Self-drive at record numbers, but there are risks

People on cattle stations cannot recall in recent memory seeing the roadside stops so full of caravans and holiday makers, says NT Cattlemen’s Association CEO Ashley Manicaros in a media release, after travelling between Tennant Creek and Darwin.

 

“I was surprised to see one roadside stop just north of Hi Way Inn between Daly Waters and Dunmurra with around 20 caravans parked for the evening.

 

“It was similar at other stops as well.
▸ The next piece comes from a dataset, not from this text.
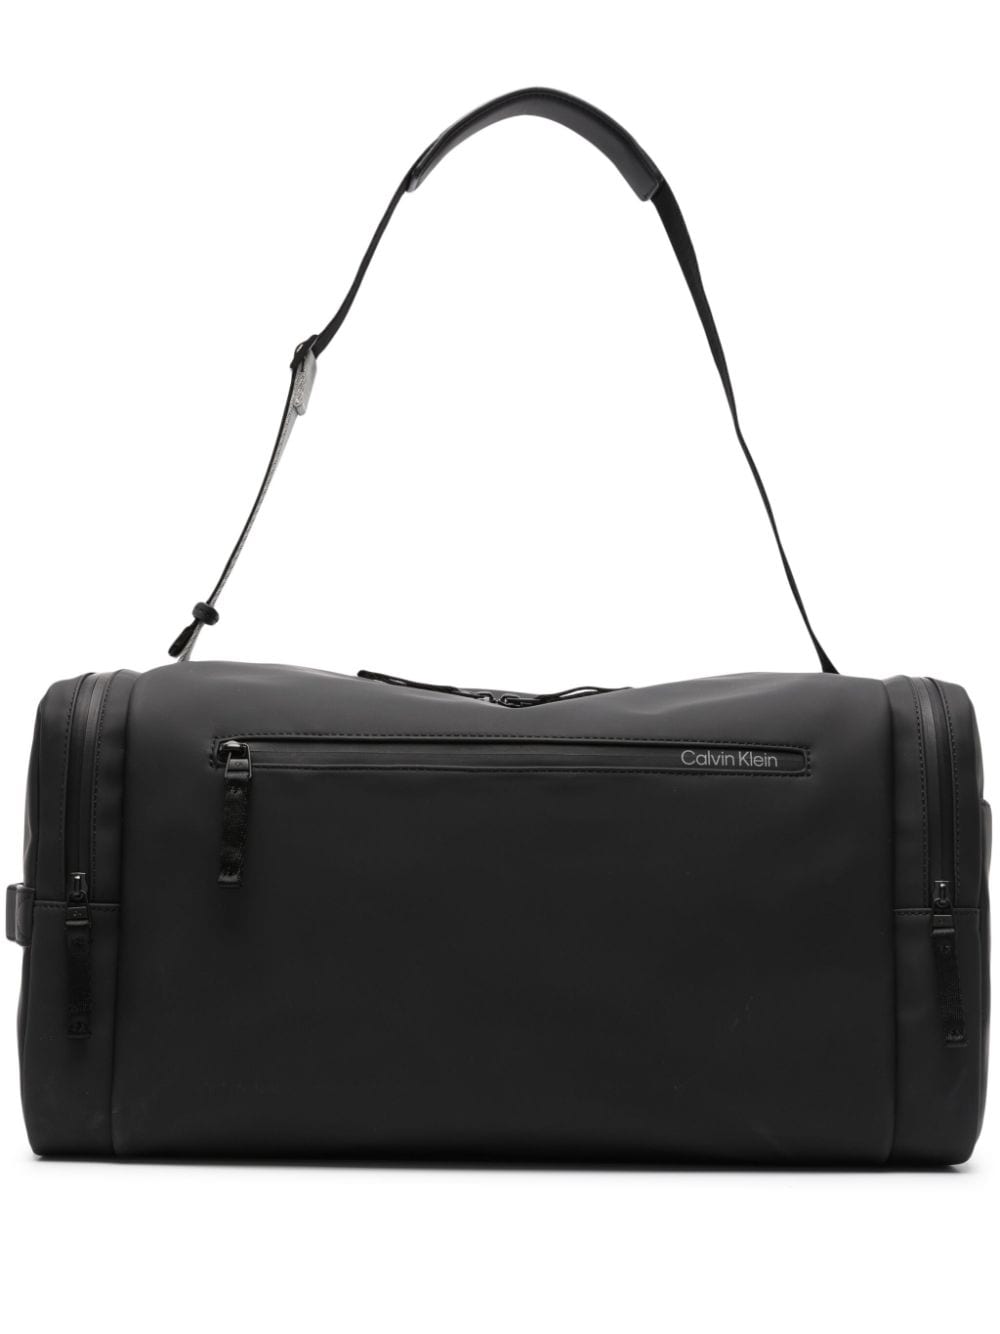 Calvin Klein Weekender Duffle Bag In Black

Most of the roadhouses were also full.”

 

But Mr Manicaros says while all of this is very good for tourism it also poses risks.

 

Many drivers are not used to road trains: “I witnessed a couple of instances where drivers either underestimated the space they would need to overtake or the speed they would need to generate to overtake.

 

“I also came across visitors who were camped on the side of the road at random locations and at the front of cattle station gates.

 

“It is important the visitors are aware of their obligations especially with the removal of rubbish or the starting of fires.

 

“Under no circumstances should visitors open gates unless they have been invited directly on to the property. The public should remember that these properties are private and should be respected as such.

 

“There is also livestock wandering around looking for water or feed so an open gate can create problems.”

 

Mr Manicaros suggests:–

 

• Plan the trip – build in extra time in the trip for longer travel times, fuel stop times, mealtimes .

 

• Stay only in structured rest stops, do not simply camp along the road corridor. Stay where it says you can please – don’t assume you can stay wherever you want.

 

• When you do stay be vigilant and conscious of risks around weeds, general rubbish, fires not controlled, and black waste.

 

“With the October closure of climbing Uluru many have taken the opportunity to travel here,” he says.